Another observation in Figure 3 is that confidence intervals derived from the two bootstrap procedures have coverages below 95% even for a binomial observer. This is particularly true for the threshold m. Wichmann and Hill (2001b) deal with this problem by exploring the likelihood function in a neighborhood of the maximum likelihood estimate and extending their confidence limits accordingly. Here, we see that an alternative solution might be estimation of Bayesian posterior intervals: Bayesian posterior intervals have the desired coverage of 95% already after 80 trials (40 trials for threshold only). Although bootstrap confidence intervals for the width w of the interval on which the psychometric function rises have coverages close to 95%, the underestimation of the confidence intervals is also obvious in this case. The nonparametric bootstrap procedure does not assume any dependencies between different blocks in the resampling process. Thus, one would expect the nonparametric bootstrap to be more robust with respect to violations of the binomiality assumption that goes into the fitting process. However, this is not the case. The two bootstrap procedures do not differ much with respect to their coverages. 

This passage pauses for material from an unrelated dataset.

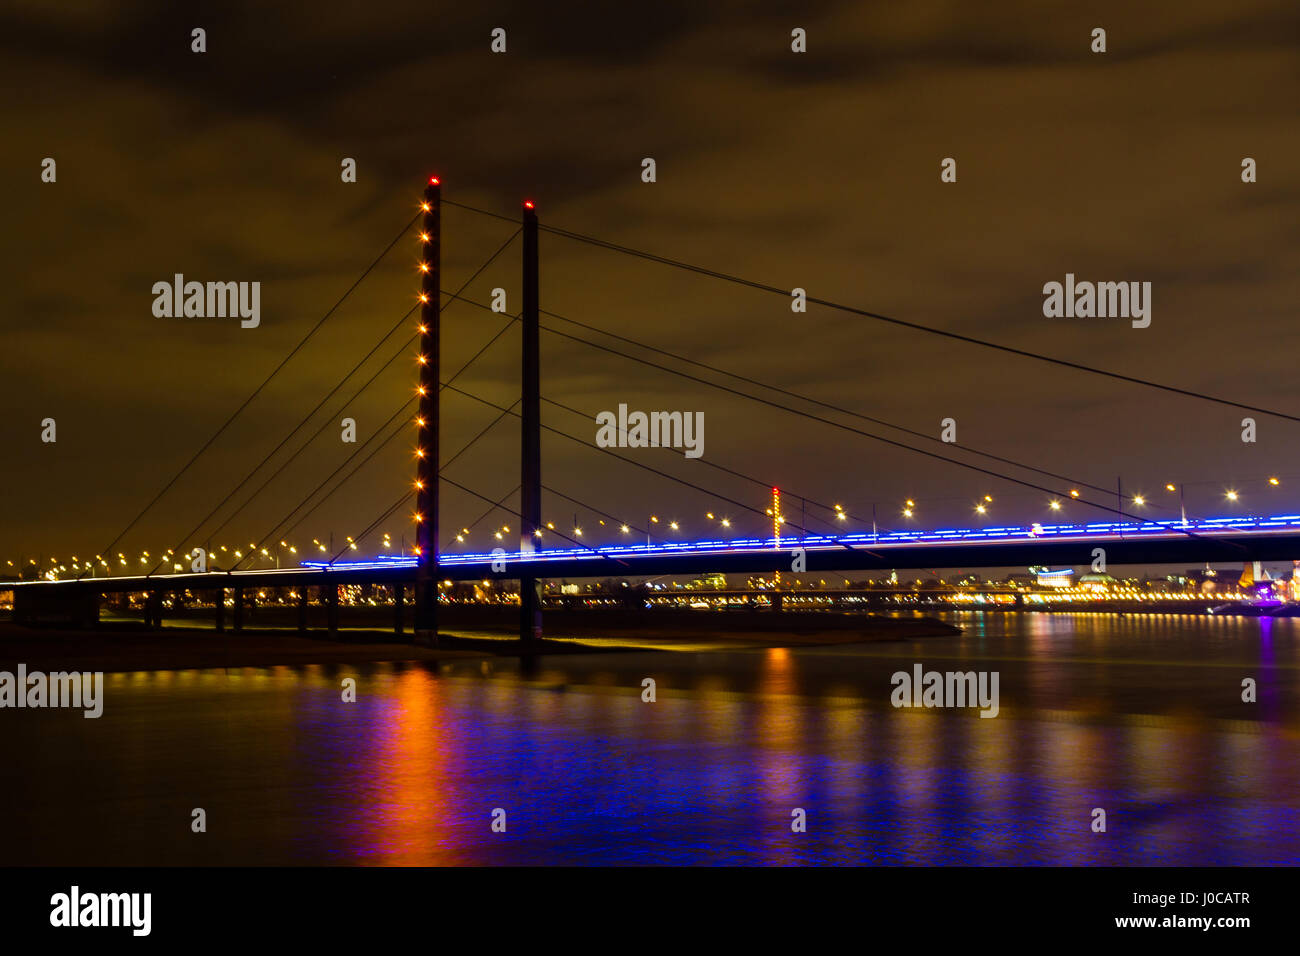 Rhine bridge at night in Dusseldorf, Germany Stock Photo

We also determined credible intervals for simulated yes–no tasks (data not shown). In these cases, the psychometric function model had an additional free parameter, the guessing rate γ. Coverages for the simulated yes–no task showed a similar pattern as for the 2AFC task: Coverage for the binomial observer was close to 95% in the Bayesian setting and approached 95% with increasing number of trials for the two bootstrap procedures; coverages for the two nonstationary observers were clearly too low. Although coverages for the two bootstrap procedures approached 95%, it remained between 90% and 95% for above 400 trials (200 trials if only width is considered) and did not reach 95% for any number of simulated trials. Importantly, coverage determined for the learning observer was no better than for a betabinomial observer. This highlights the fact that there is no ordering between the different observers: The learning observer does not generally result in better credible intervals than the betabinomial observer. This clearly depends on the parameters used for our simulations of the simulated observers. The choice of parameters is justified in detail in the Discussion section. In experiments with 40 trials per block, coverages as low as 55% (scaling factor nearly 3) were observed in the worst case. 

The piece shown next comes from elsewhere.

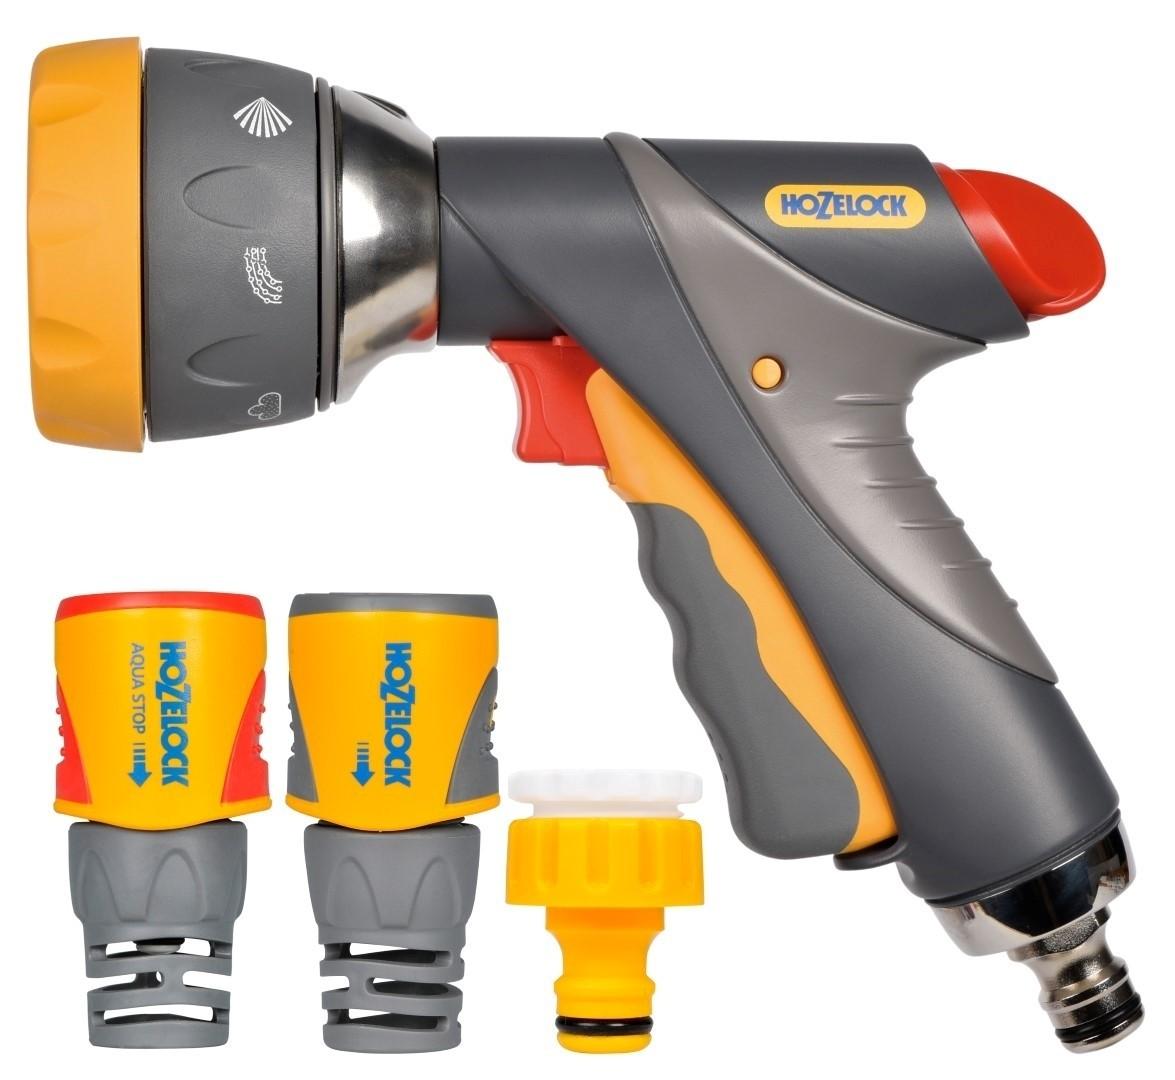 Multi-spray pro startset doorsnede 12,5 en 15 mm

The data reported so far refer to the unrealistic scenario that we know the analytical form of the psychometric function in advance. In this case, estimation of the psychometric function consists of estimating a number of unknown parameters. However, in a real experiment, we will not know the analytical form of the psychometric function. Thus, in most realistic cases, the model that we fit to the data will not match the process that generated the data. To simulate this situation, we created a mismatch between the sigmoidal function F (see Equation 1) for generating and analyzing the data. The generating sigmoid was, as always, the logistic. The analyzing sigmoidal functions were the Weibull cumulative distribution function (see Equation 3) and the Gumbel on reversed x-axis (see Equation 4). If the sigmoidal function used to analyze the data differed from the sigmoidal function used to generate the data, coverage was slightly worse for low numbers of trials (10% less coverage with less than 100 trials per psychometric function). All other observations were still valid: coverage was around 70–90% for nonstationary observers, it was worse with smaller blocks, and Bayesian inference resulted in more realistic credible intervals than the two bootstrap procedures. Results of all other analyses reported here were virtually the same. Therefore, we only report results for those cases in which the analytical form of the generating and analyzing psychometric functions was the same. 

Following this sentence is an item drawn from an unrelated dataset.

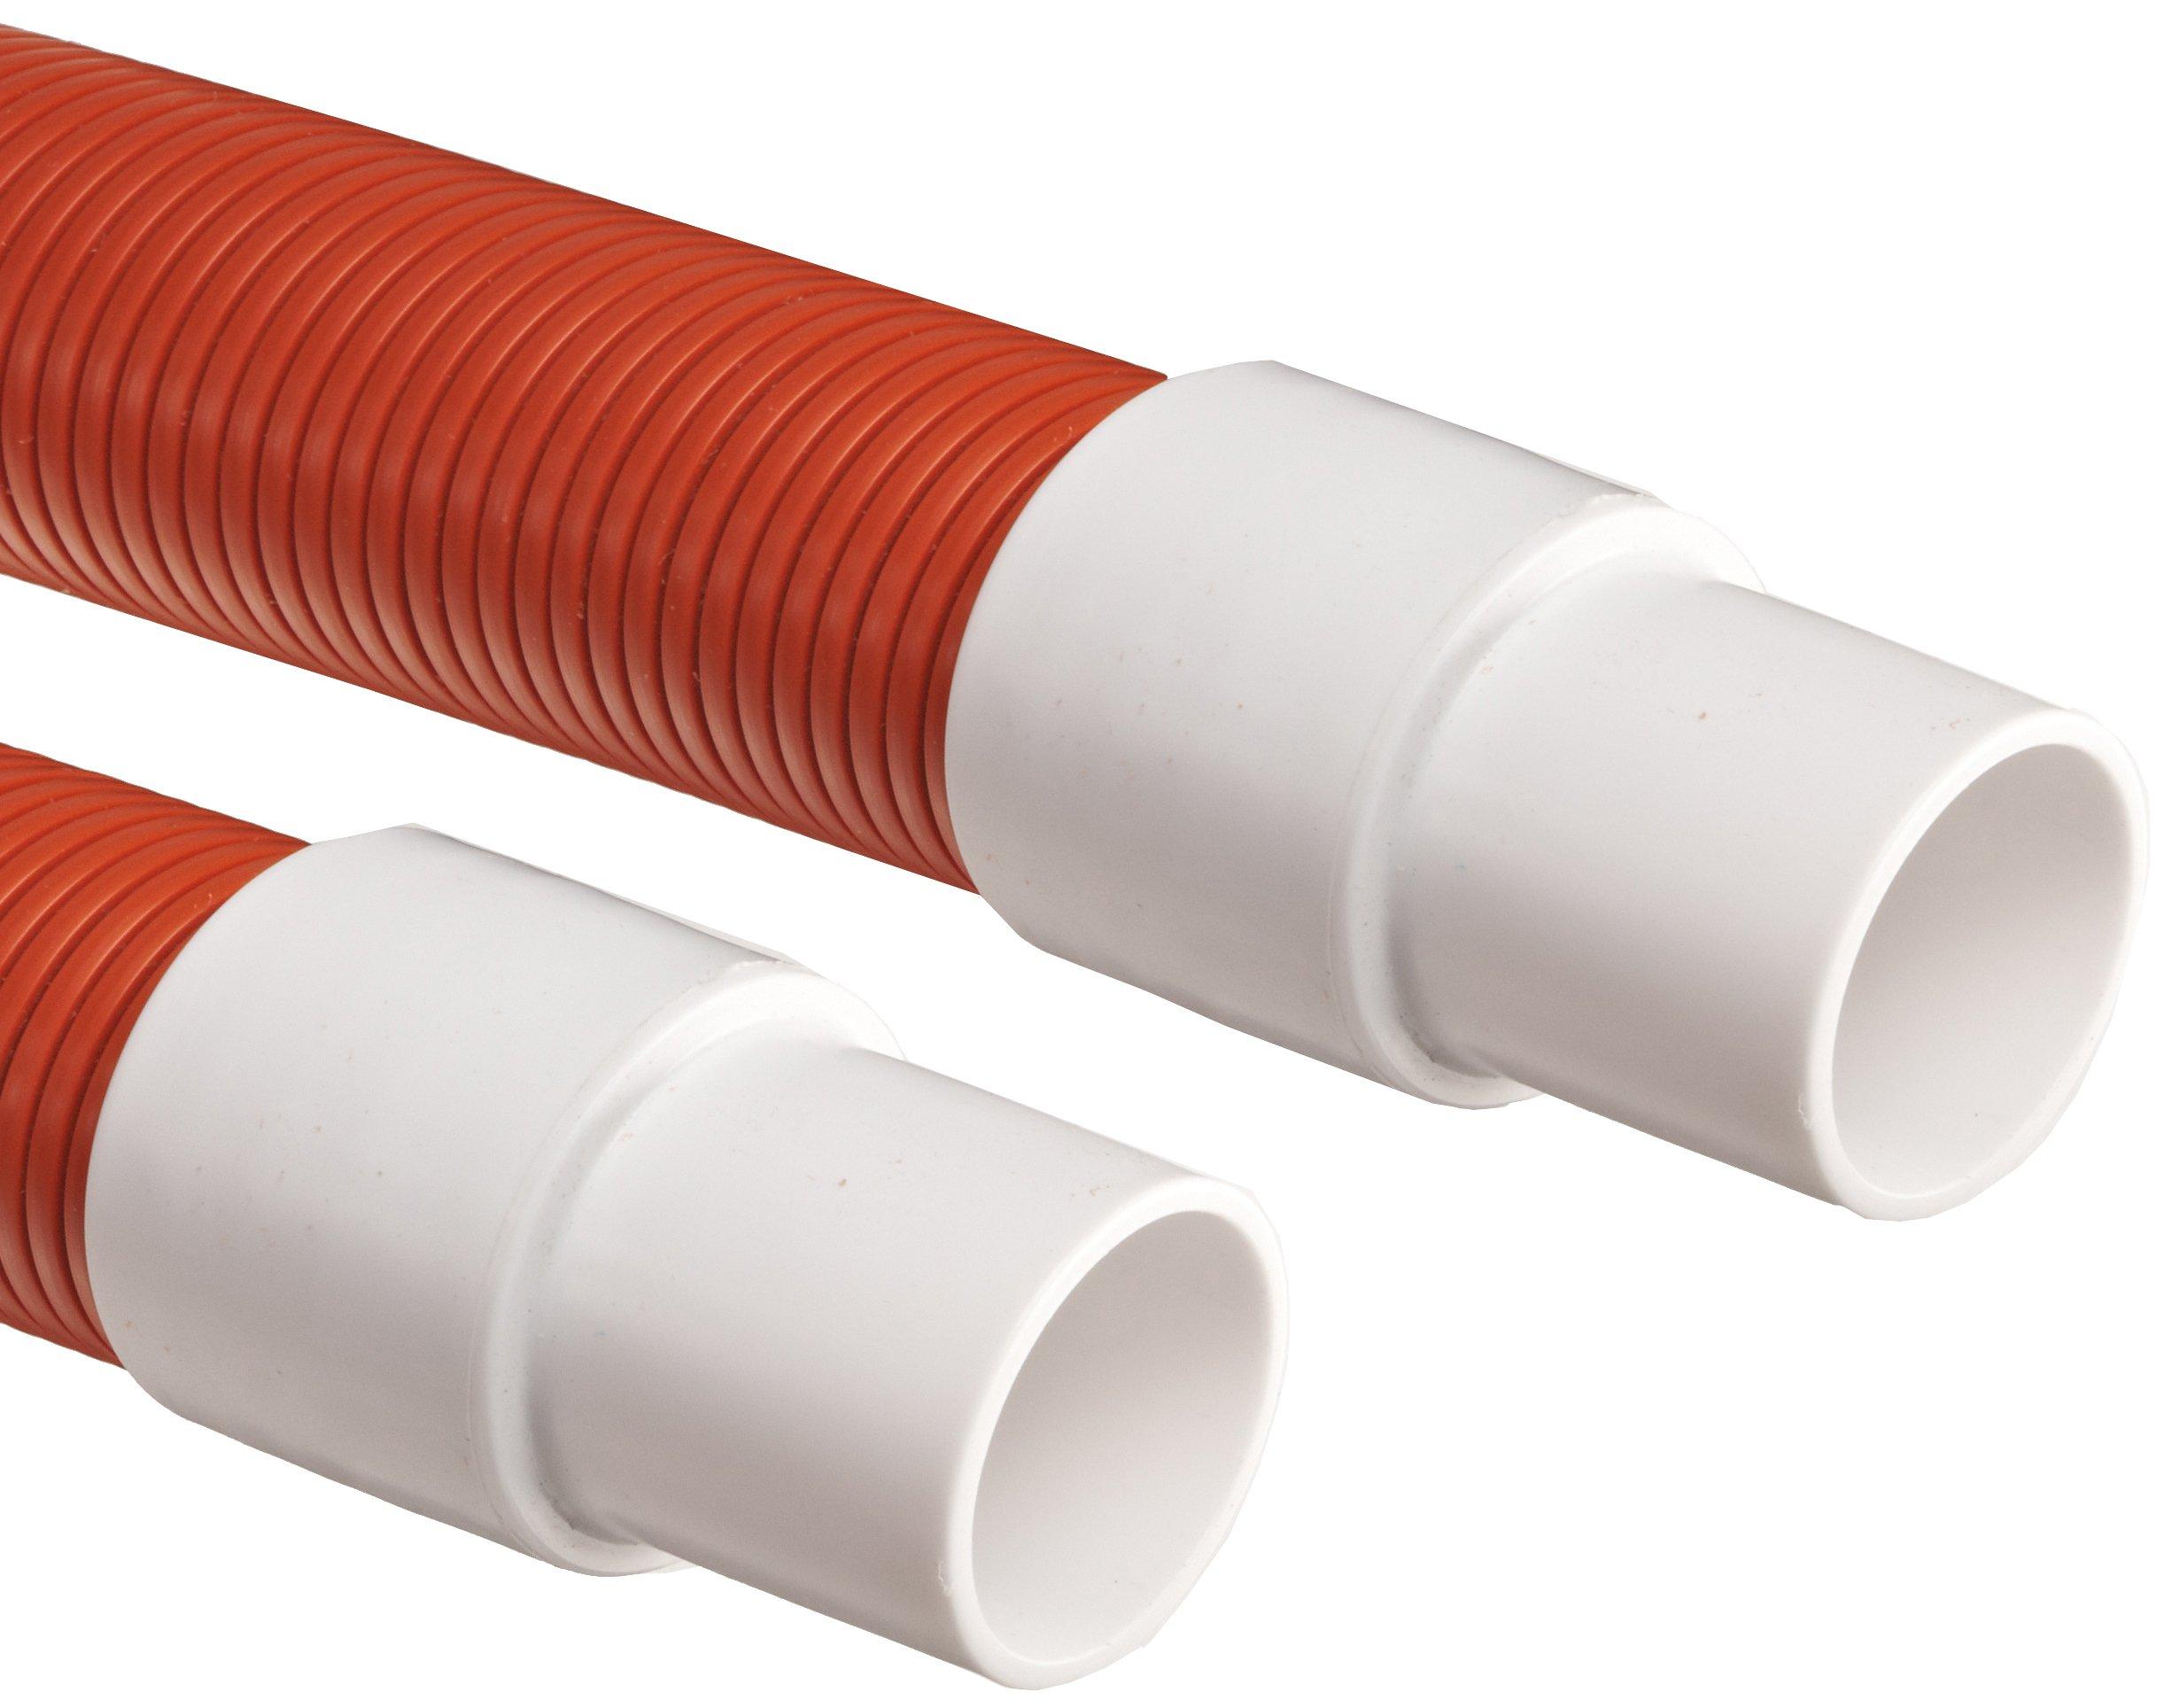 Genesis STM Polyethylene Duct Hose, Orange, 1.5'' ID, 50' Length

Diagnostics for nonstationarity
In the previous section, we demonstrated that nonstationarity can result in serious underestimation of credible intervals. It is, thus, important to be able to detect data sets that display nonstationarity in order to treat these data sets with special caution. Therefore, we derived a number of tests for nonstationary behavior. Two different diagnostics for nonstationarity have been suggested by Wichmann and Hill (2001a). These are easily applicable in a maximum likelihood setting. However, these diagnostics do not directly map to a Bayesian inference framework. We will first review the procedures suggested by Wichmann and Hill (2001a) and then discuss possible extensions of these ideas to a Bayesian inference framework. In a third step, we will present an alternative approach to diagnosing nonstationarity that is based on the estimation of influential observations. 
Nonstationarity in a maximum likelihood setting
As a very global measure of the goodness of fit for a psychometric function model, Wichmann and Hill (2001a) suggest to simulate data from the fitted model using the assumptions associated with a binomial observer and refit the model to these simulated data again. For each of these fits, the deviance is calculated. Deviance is a generalization of the sum-of-squares error metric that also applies to binary/binomial data (e.g., Dobson & Barnett, 2008). We derived deviance from 2000 simulated data sets from each fitted psychometric function and compared the deviance of the fit to the original data set with these simulated data sets. Whenever the deviance of the fit to the original data set exceeds the 95th percentile of the deviances from the fits to the simulated data sets, this suggests larger variance than would be expected for a binomial observer. We quantified the power of this test by analyzing how well the test discriminated between the binomial and betabinomial observers described above. 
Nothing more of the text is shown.